Gathering Information and Evaluating AML/CFT Controls
To mitigate these risks, the financial institution will:
- Gather sufficient information about its respondent bank and understand their business nature, as required by section 26(a) of the Law.
- Evaluate the AML/CFT controls implemented by the respondent bank.
- Assess their reputation.
- Examine the quality of supervision to which they are subject.
Establishing New Correspondent Relationships
Additionally, the institution will:
- Obtain approval from senior management before establishing new correspondent relationships.
- Clearly document the respective AML/CFT responsibilities of each party.
Wire Transfer Policies and Procedures
The financial institution has also developed policies and procedures for wire transfers, ensuring that accurate originator and recipient information is included in all transactions. This includes:
- Full names
- Account numbers
- Addresses
- Date and place of birth for originators
- Names and account numbers for recipients
If the institution is unable to comply with these specifications, it will not execute the wire transfer.

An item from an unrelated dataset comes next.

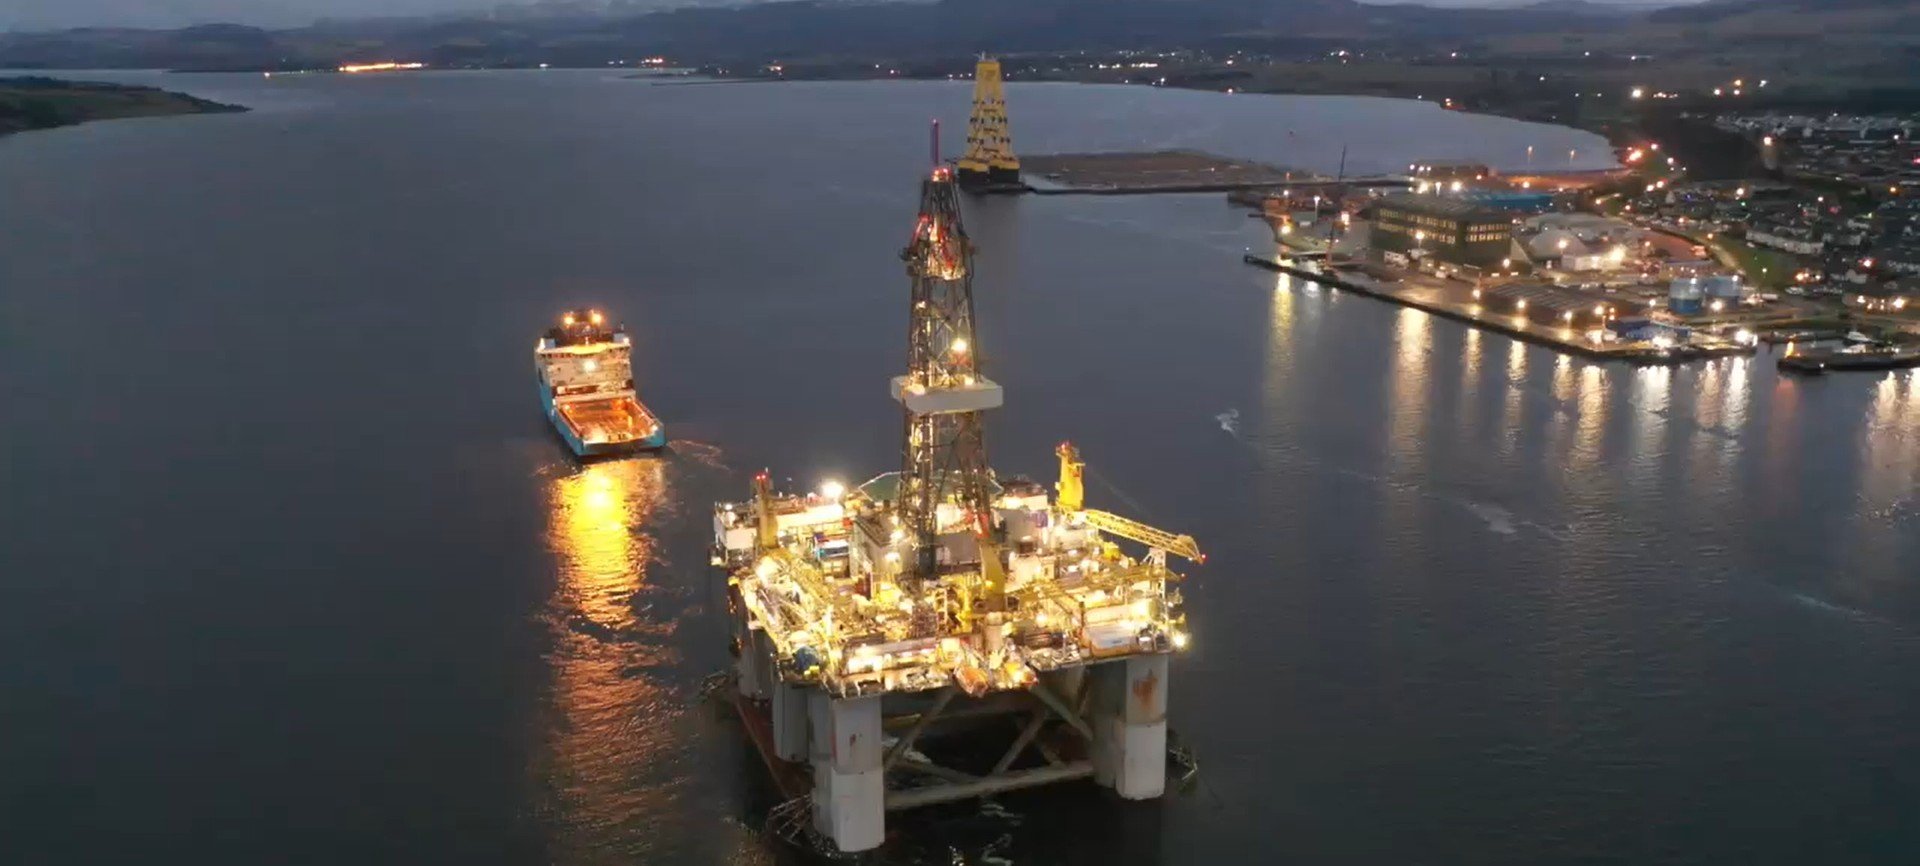 WATCH: Semi-sub rig arrives at UK port to get ready for its inaugural decom gig in North Sea

Reporting Suspicious Transactions
In cases where several individual cross-border wire transfers are bundled together in a batch file, the institution will:
- Include the originator’s information.
- Report suspicious transactions to the Financial Intelligence Unit (FIU).
Guidelines for Reporting Threshold Transactions
The FIU has issued guidelines for reporting threshold transactions, which exceed amounts defined by the Central Board. Banks and financial institutions must submit reports within:
- 24 hours if situated in an urban center
- Three days if located in a remote district
Preventing Tipping-Off Offenses
To prevent tipping-off offenses, banks and financial institutions are prohibited from disclosing to customers or other individuals that a report has been made to the FIU. This ensures the integrity of the reporting process and helps to combat money laundering and terrorist financing activities.
Commitment to AML/CFT Regulations
By conducting thorough due diligence on its third-party partners, the financial institution is demonstrating its commitment to AML/CFT regulations and its dedication to protecting the financial system from illegal activities.